In der Praxis können sich diese positiven Effekte aber nur entfalten, wenn einige Voraussetzungen erfüllt werden:
- Wirkung braucht Fehlerkultur – Man kann nur ehrlich über Wirkung sprechen, wenn man offen über Fehler spricht. Dies erfordert allerdings eine Fehlerkultur, die das Nichterreichen von Zielen nicht sofort sanktioniert. Leistungserbringer sollten vielmehr ermutigt werden, aus ihren Erfahrungen zu lernen und umzusteuern.
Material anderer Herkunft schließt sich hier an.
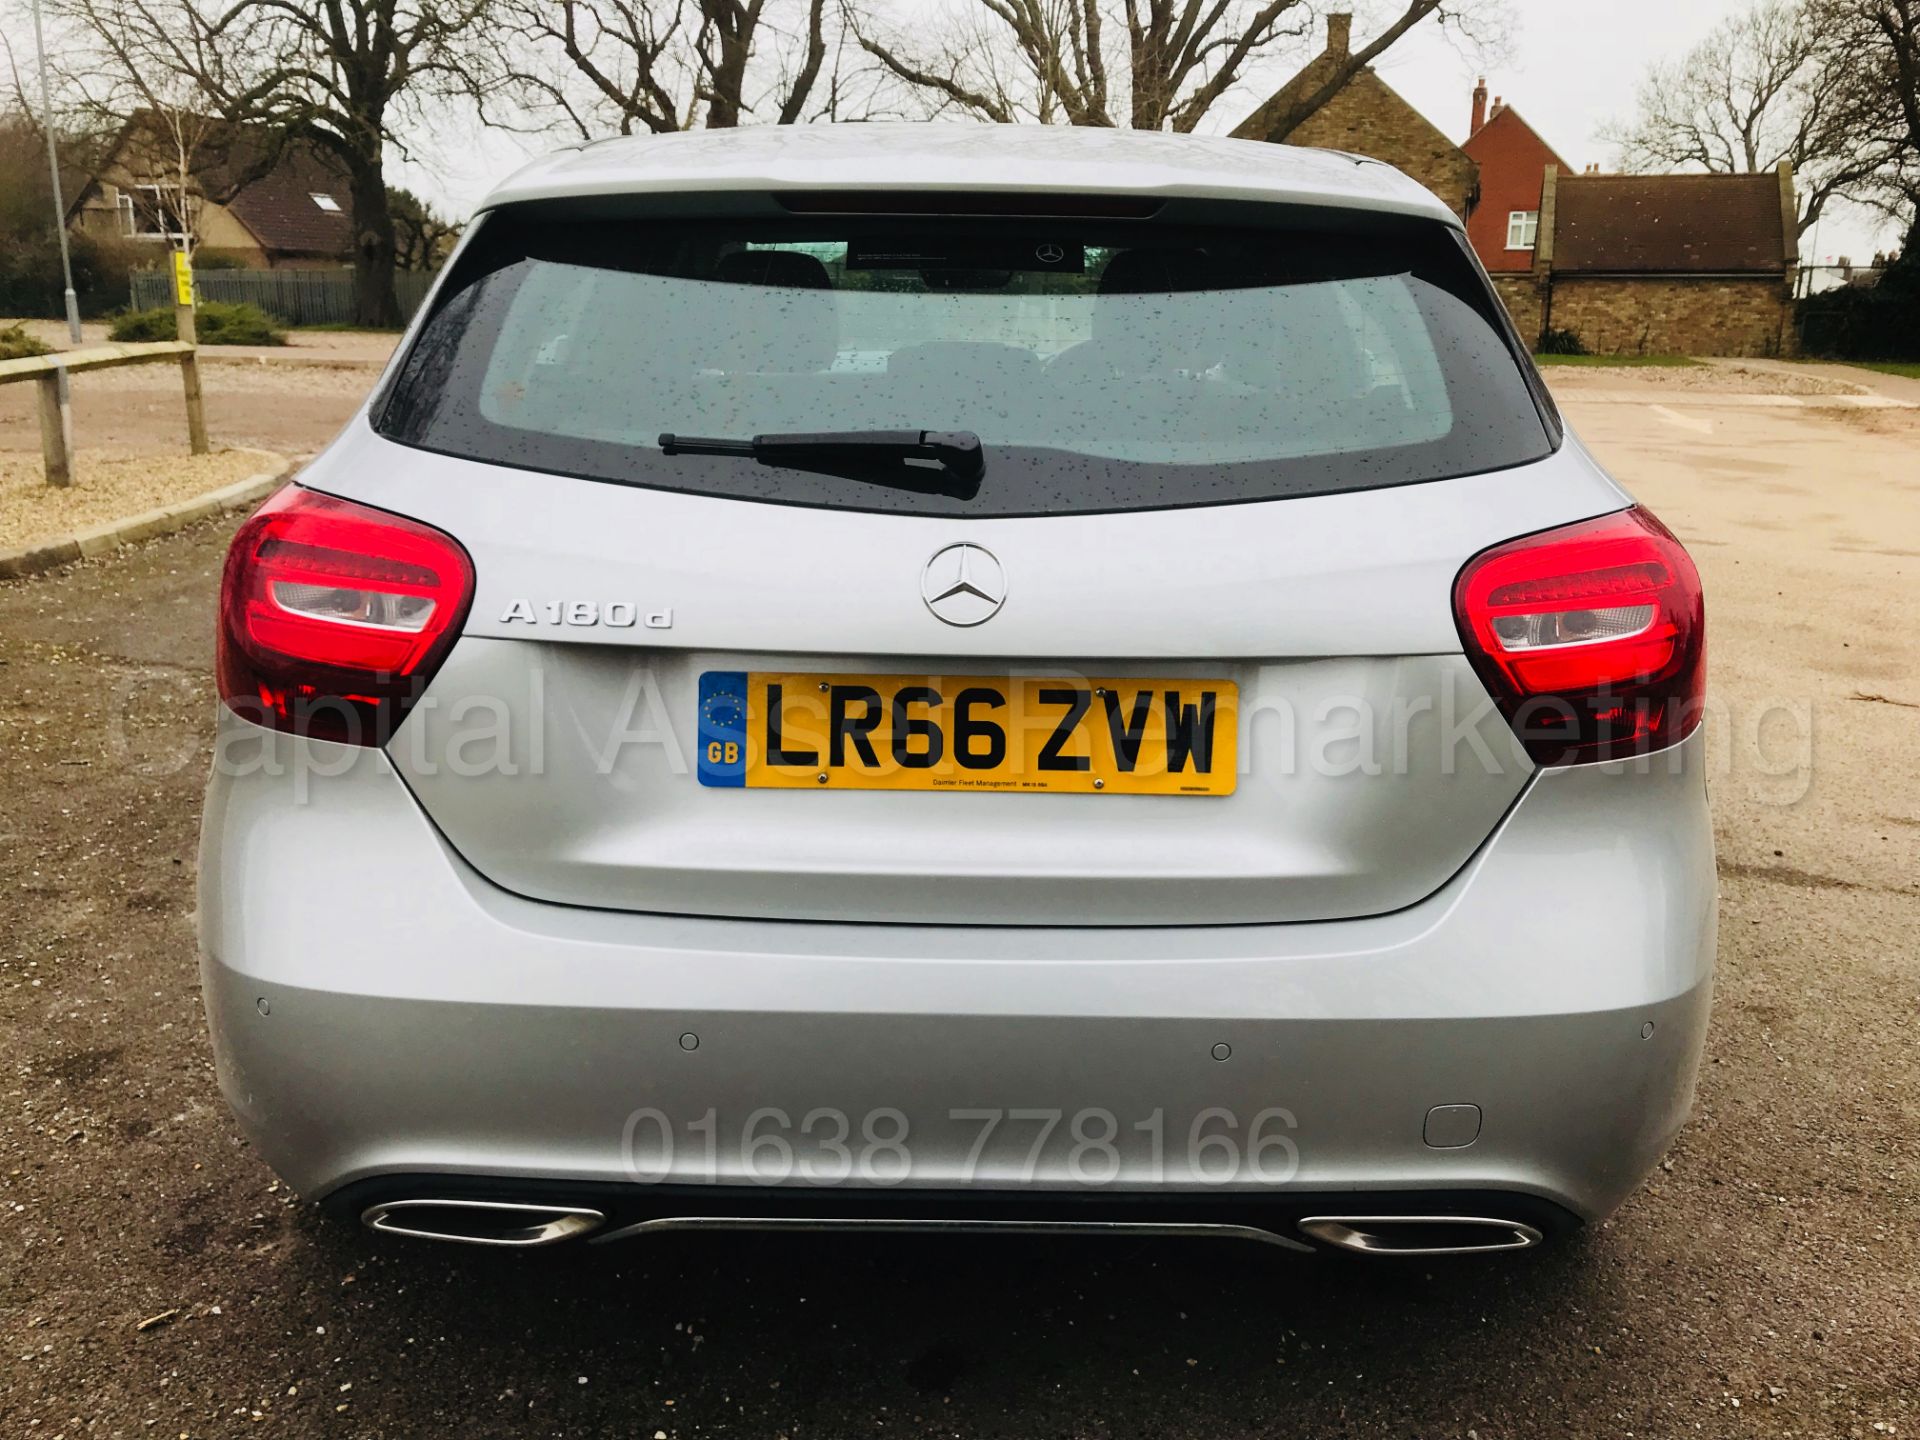 MERCEDES-BENZ A180D 'SPORT' (2017 MODEL) '7G TRONIC AUTO - LEATHER - SAT NAV' (1 OWNER FROM NEW) - Image 10 of 41

- Wirkung braucht die richtige Messung – Leicht messbare Kennzahlen sind oft keine guten Kennzahlen. Wird nur das erhoben, was leicht mess- und erreichbar ist, ist Fehlsteuerung vorprogrammiert. Will man beispielsweise schauen wie eine Reha-Maßnahme zur Integration in den Arbeitsmarkt beiträgt, reicht es nicht darauf zu schauen, ob jemand tatsächlich Arbeit gefunden hat. Hier spielen einfach zu viele Faktoren rein. Wichtig wäre hingegen zu erfassen, inwieweit sich die Personen in ihrem Selbstwertgefühl gestärkt fühlen, ob sie die relevanten Fähigkeiten / Kompetenzen für ein neues Tätigkeitsprofil erworben haben, ob die Tagesstruktur der Reha-Maßnahme zur Arbeitssuche motiviert und im Alltag trägt.
- Wirkung braucht den Blick auf das Individuum – Die Wirkungskriterien müssen so formuliert werden, dass individuelle Wünsche und Ziele erfasst werden können. Eine einheitliche Messung der Wirkung einer Maßnahme ist daher nicht möglich. Als Wirkungsbelege können beispielweise die persönliche Zufriedenheit und die Erreichung individueller Teilhabeziele dienen
- Wirkung braucht Know-how – Leistungserbringer müssen darin gestärkt werden, ihre Wirkung zu erheben. Bisher sind nur wenige Leistungserbringer in der Lage klar zu sagen, was erhoben werden muss und wie sich die erhobenen Daten klug interpretieren lassen und welche Schlüsse daraus gezogen werden.